Aus vorstehendem ist ersichtlich, dass dem Induktor, je nachdem die Welle 28 aus der Ruhestellung in der einen oder anderen Richtung gedreht wird, faradische oder sinusoidale Ströme zugeführt werden, und zwar erfolgt bei der Drehung der Welle 28 aus der Ruhestellung zunächst die Einschaltung und darauf die Regulierung der betreffenden Stromart.

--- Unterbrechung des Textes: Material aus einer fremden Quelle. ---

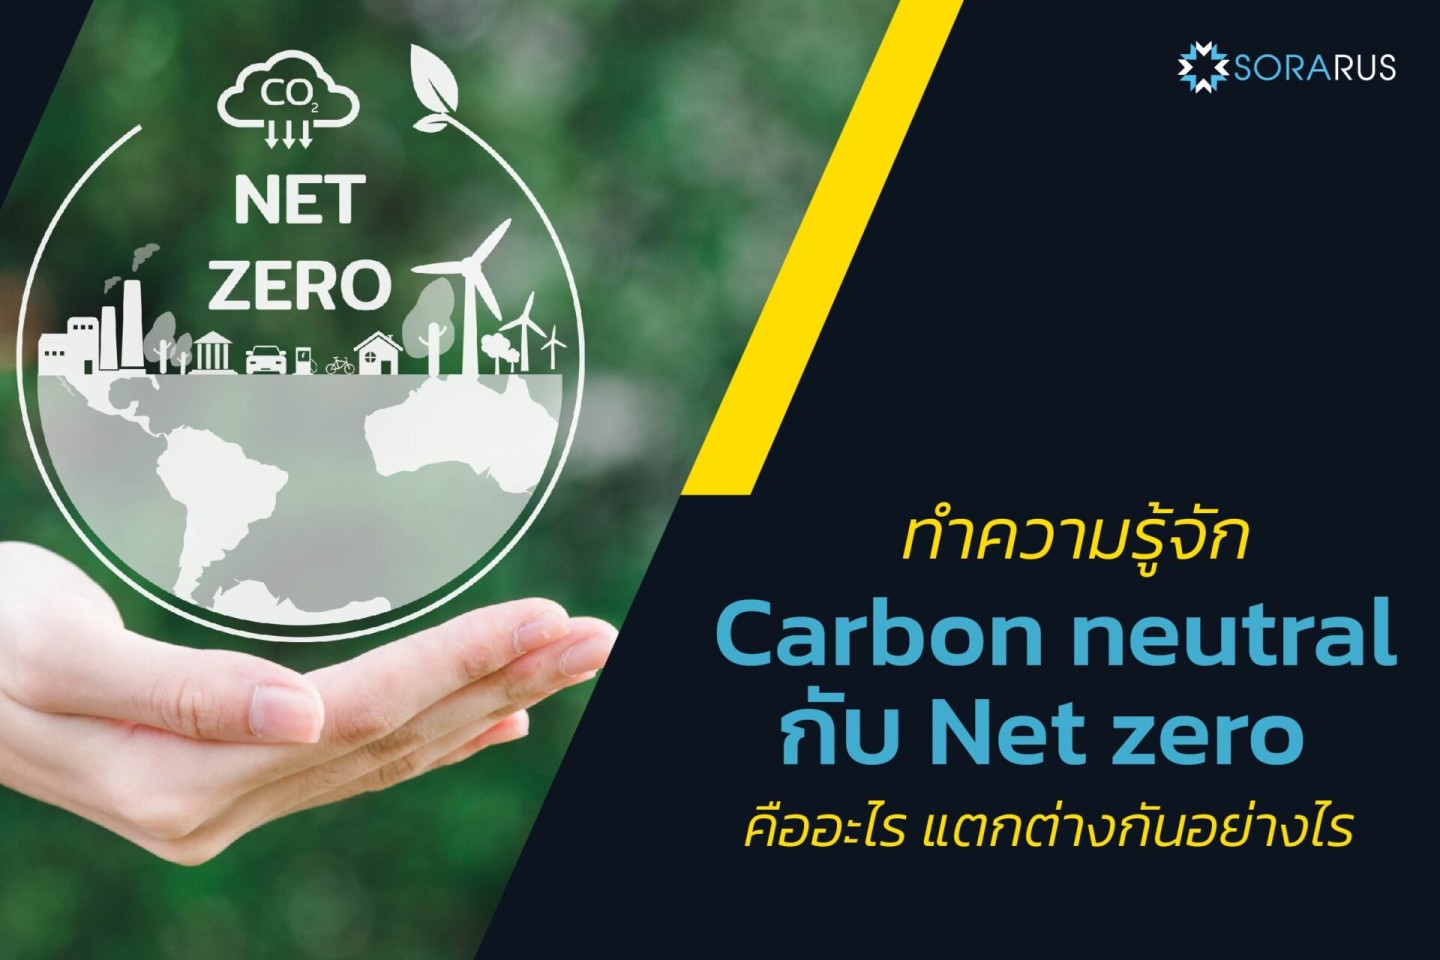 Sorarus - May Article 2 (carbon neutral กับ net zero )-Cover-01

An den Klemmen 22 des Sekundärspulensystems 9, 10 des Induktors kann daher je nach der Einstellung der Welle 28 die eine oder andere Stromart in der gewünschten Dosierung entnommen werden.
Das Induktorgestell 5 kann mittels Ausladebügeln an einen Anschlussapparat o. dgl. befestigt werden.
Bei dem beschriebenen Ausführungsbeispiel sind die Vorrichtungen zum Ein-und Ausschalten sowie zum Regulieren der verschiedenen Stromarten zwangläufig miteinander gekuppelt.
Es ist jedoch auch möglich, die Ein-und Ausschaltung der verschiedenen Stromarten durch besondere Schalteinrichtungen herbeizuführen, die unabhängig von der Vorrichtung zur Regulierung des induzierten Stromes eingestellt werden können. Um hierbei etwaigen Fehlern bei der Benutzung der Schalteinrichtungen vorzubeugen, können diese mit einem Gesperre zusammenwirken, das immer nur die jeweilige Benutzung der einen oder anderen Schalteinrichtung zulässt.